Excel and CSV Conversion to JSON and XML in JavaScript That Runs 100% on Github

When it comes to building applications within the federal government, there are numerous road-blocks to innovation. I'm currently assisting with the inventorying of open data assets at the Department of Veterans Affairs, as well as across numerous other federal agencies.

The two biggest bottlenecks of this process are:

  • File Conversion - Converting Excel and CSV data assets into JSON and XML
  • File Storage - Where do you put data assets once you have available in CSV, JSON and XML

When I hit these road-blocks, it is my nature to find quick and dirty technical solutions (hacks) to get around these obstacles, and do it in a way that can be taught to others, allowing them to overcome these challenges in their own worlds.

The solution I've employed involved discovering and forking of a kick ass data conversion tool called Mr. Data Converter, and quickly the tool retrofitted with some of my own enhancements:

  • HTML5 File API - Allows me to acces file content without server side technology.
  • oAuth.io - Dead simple, client side oAuth for Github and other platforms.
  • Github.js - A JavaScript API wrapper for Github, enabling client-side interaction.

I quickly stripped down Mr.

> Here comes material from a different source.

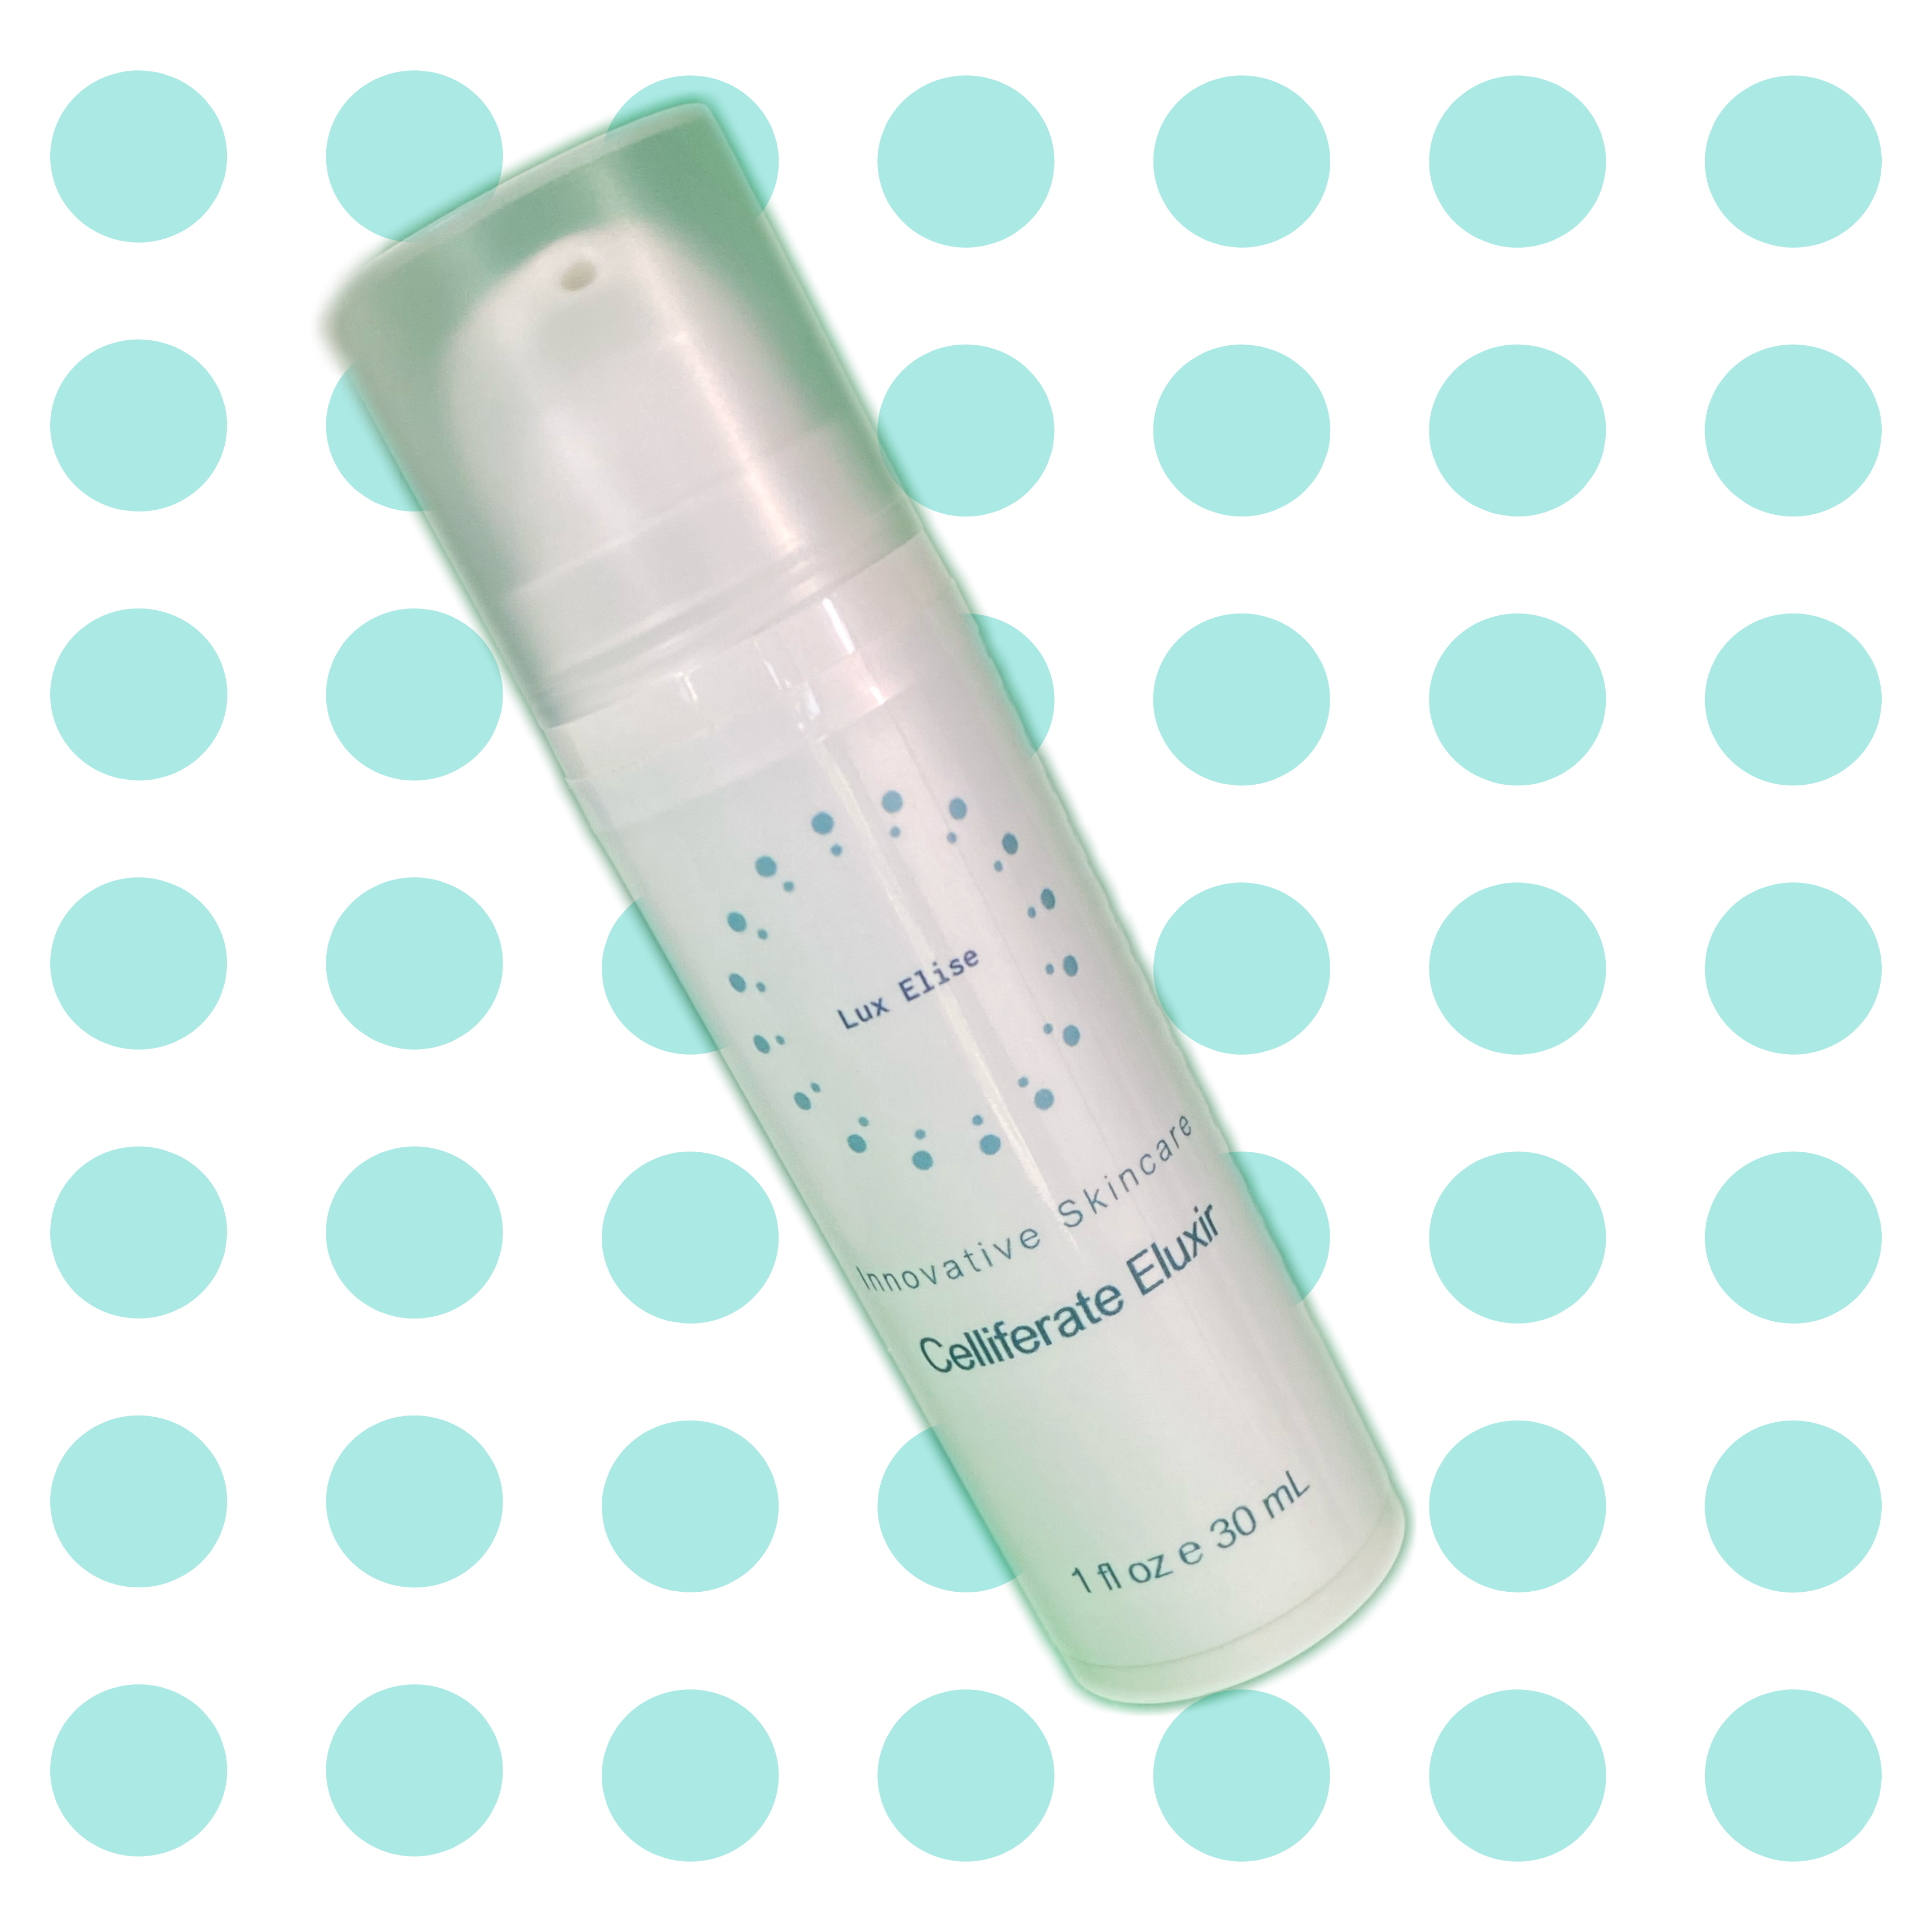 Lux Elise Celliferate Eluxir - lightweight, calming hydration - Lux Elise lumion serum dupe tower 28 glow honest skincare best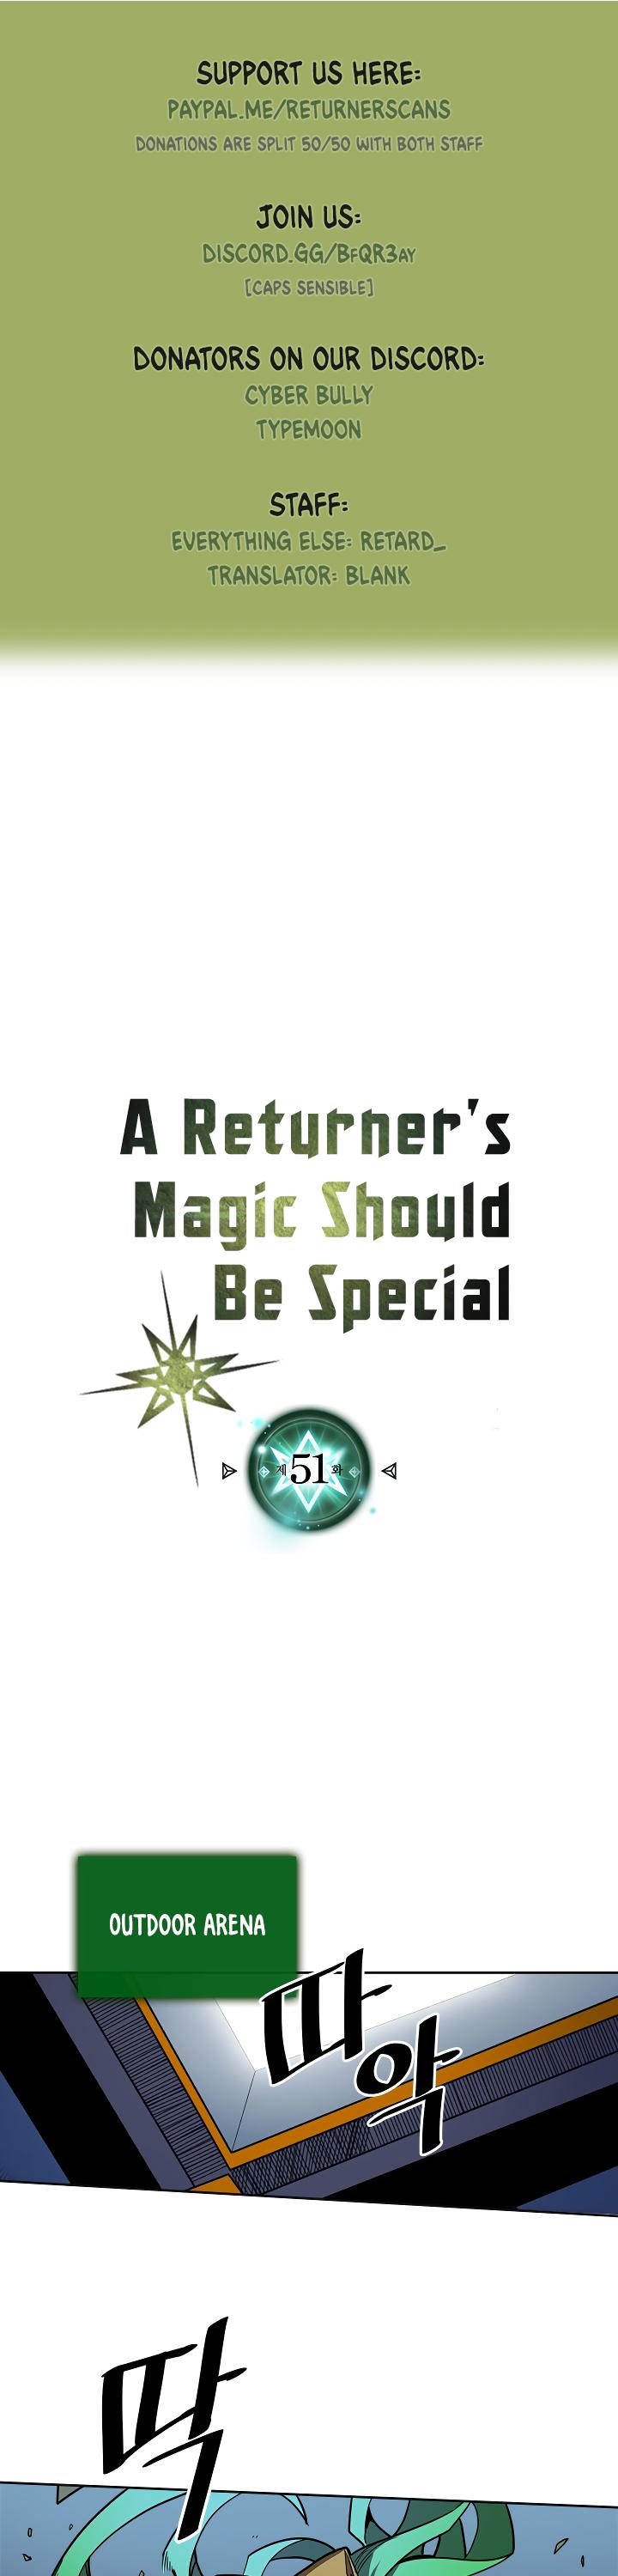 A Returner's Magic Should Be Special - Page 1

Data Converter to have only the features I desired, added a file upload capabilities that used the File API to access CSV files without a server side layer, then after authenticating with oAuth.io via Github, I used Github.js to post the original CSV and converted JSON or XML files directly to the same Github repo that the file conversion application runs in.

This approach allows me to run the Excel / CSV conversion app 100% on Github using Github Pages--an blueprint that allows anyone to fork and run within their own Github accounts. I'll spend more time hardening the code, and documenting it, to make it easier to use, and empower anyone to use in their own open data inventorying initiatives.

You can see it in action live on Github Pages, and get at the code behind in the Github repository.